**Activity**
Search the listing below for the line containing "Porsche revs up". From there through the line containing "Womens Flats Tommy", transcribe every line exactly, both ends included.

**Extracted entries**
━━━━━━━━━━

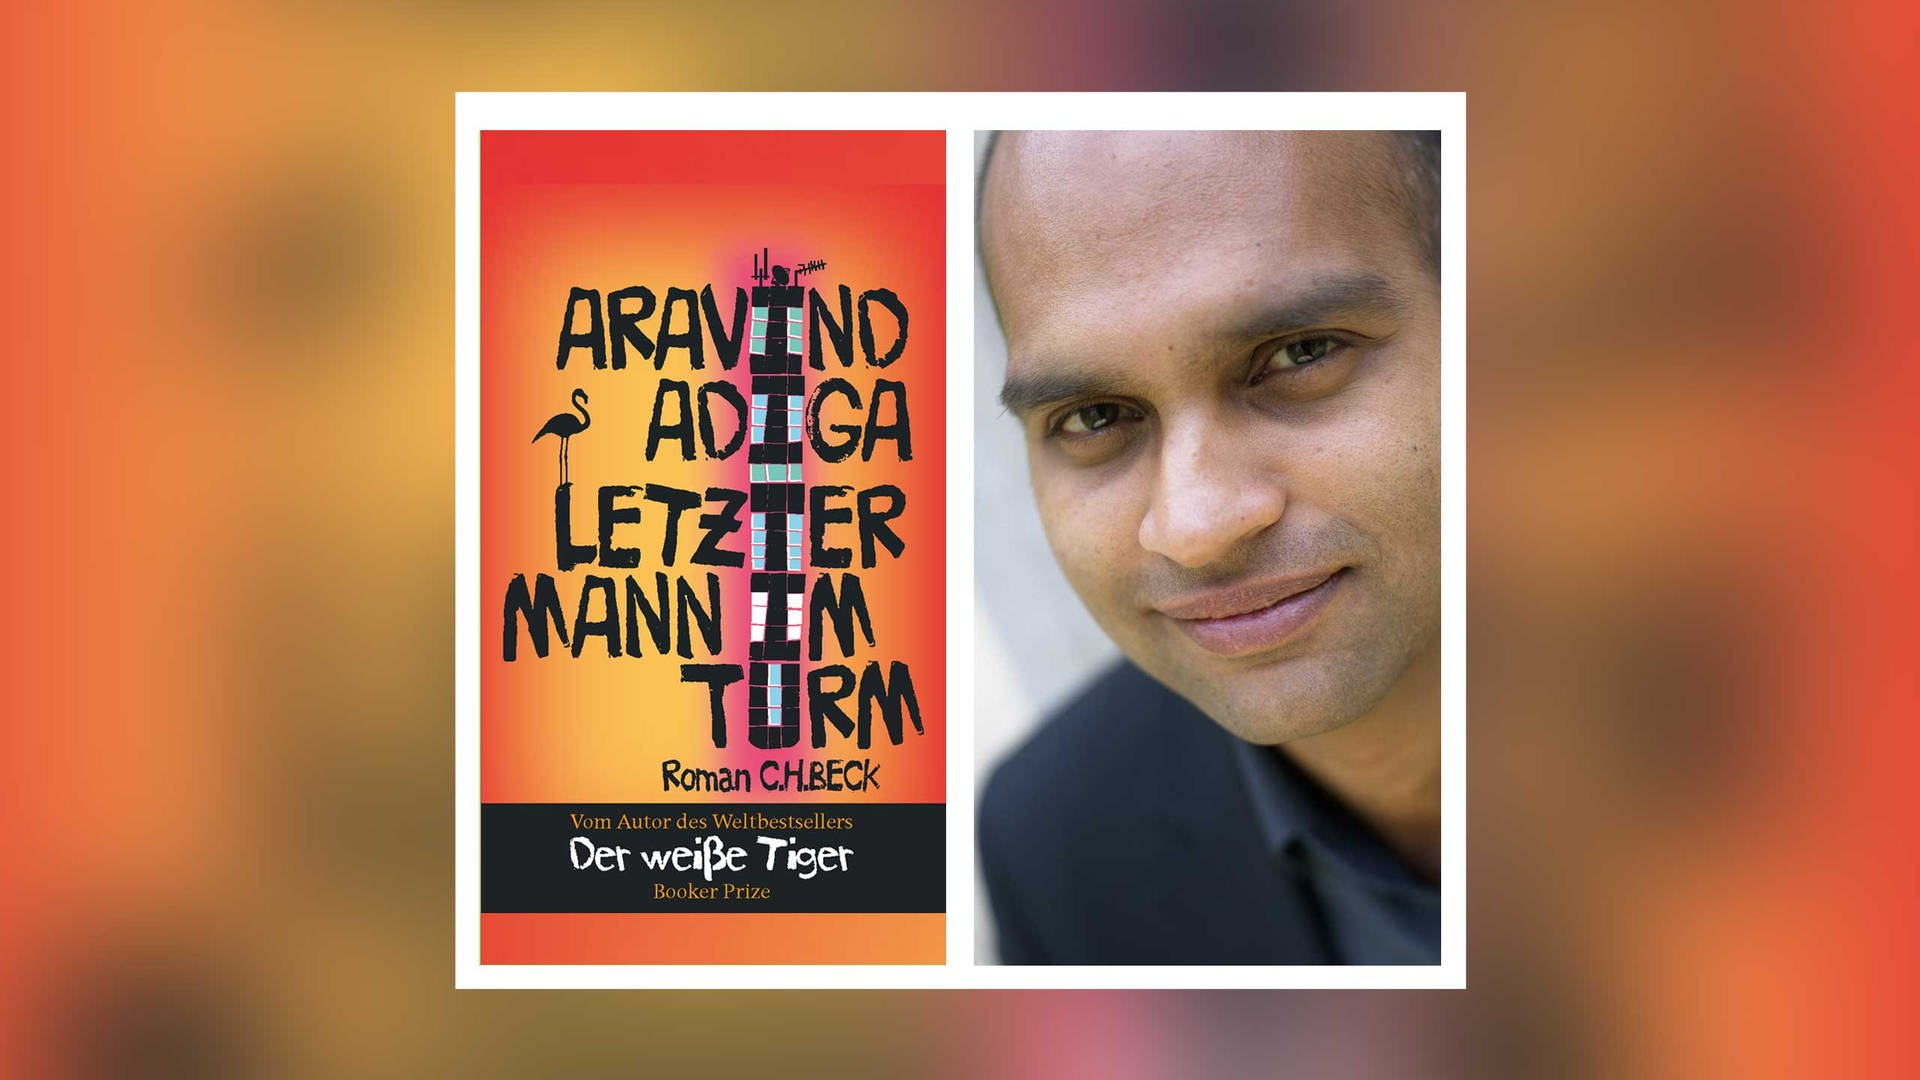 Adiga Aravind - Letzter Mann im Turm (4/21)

━━━━━━━━━━

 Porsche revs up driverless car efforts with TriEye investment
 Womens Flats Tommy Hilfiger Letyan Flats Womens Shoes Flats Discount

━━━━━━━━━━

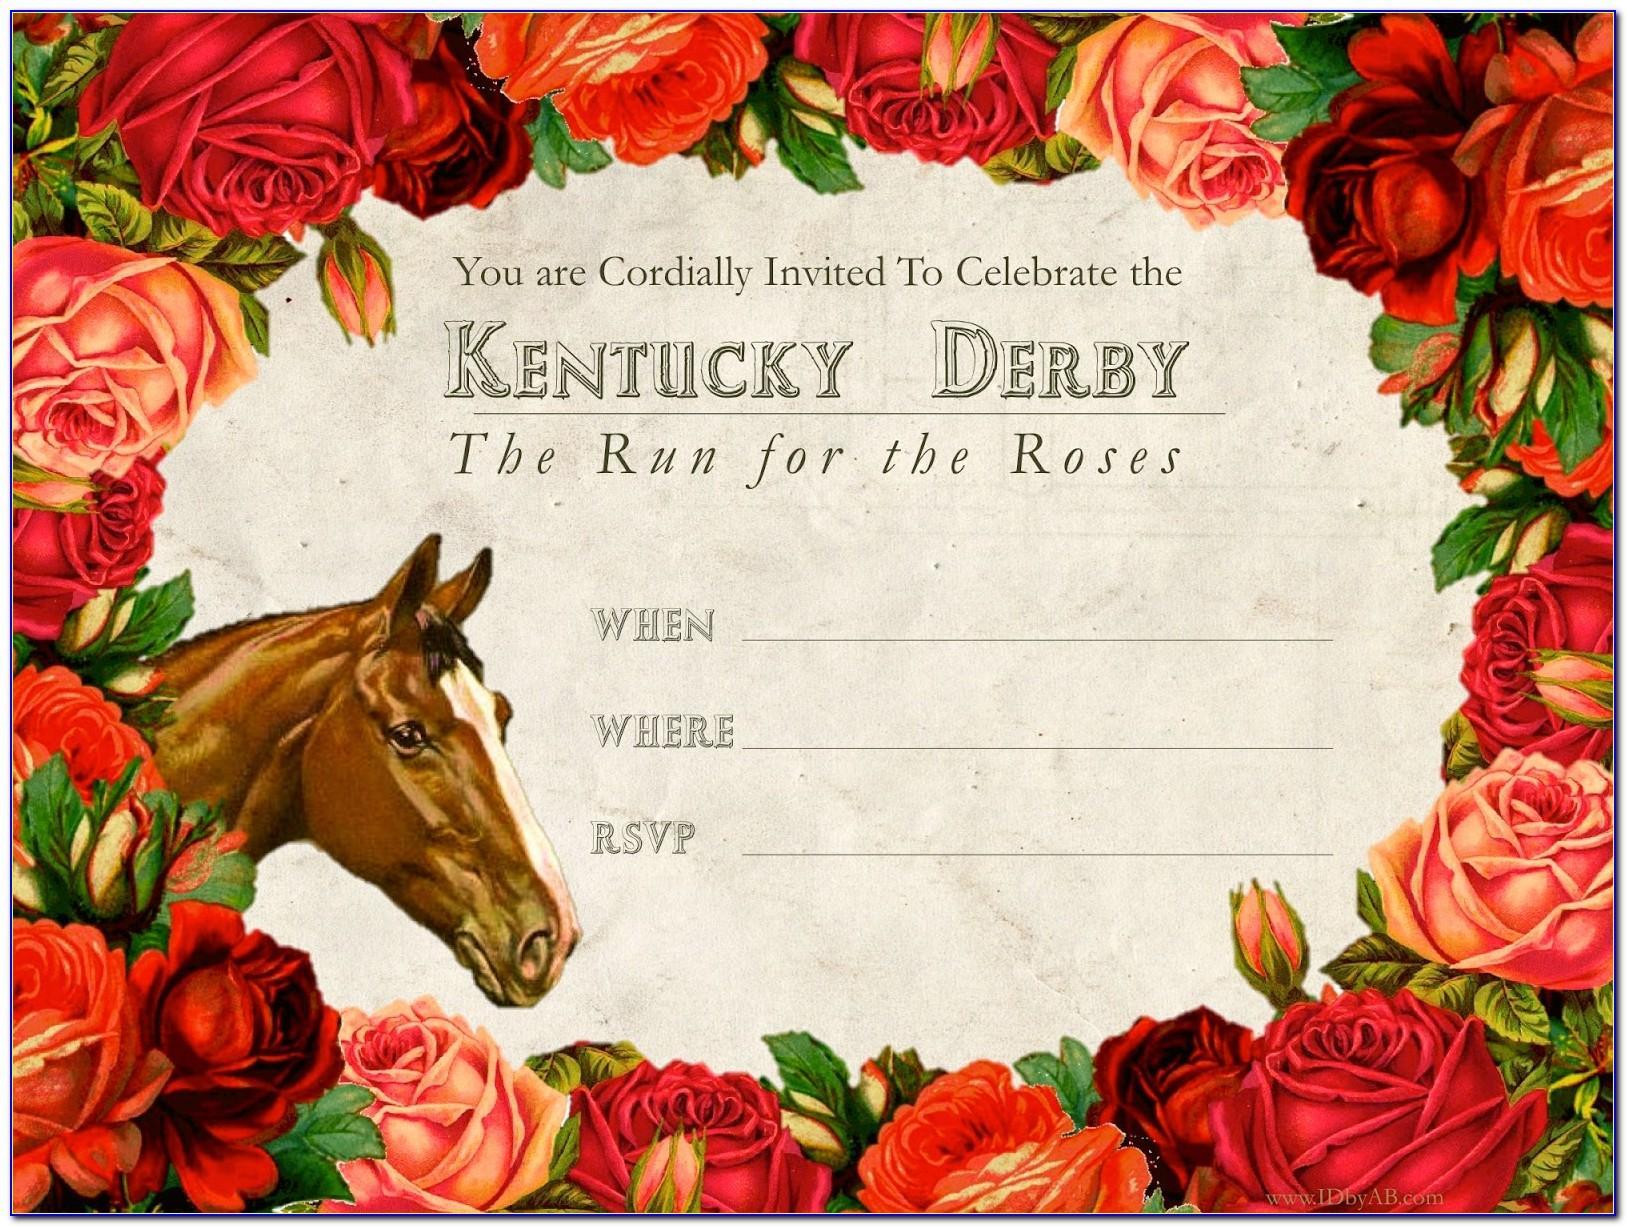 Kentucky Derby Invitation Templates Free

━━━━━━━━━━

**Response area**
 Porsche revs up driverless car efforts with TriEye investment
 Womens Flats Tommy Hilfiger Letyan Flats Womens Shoes Flats Discount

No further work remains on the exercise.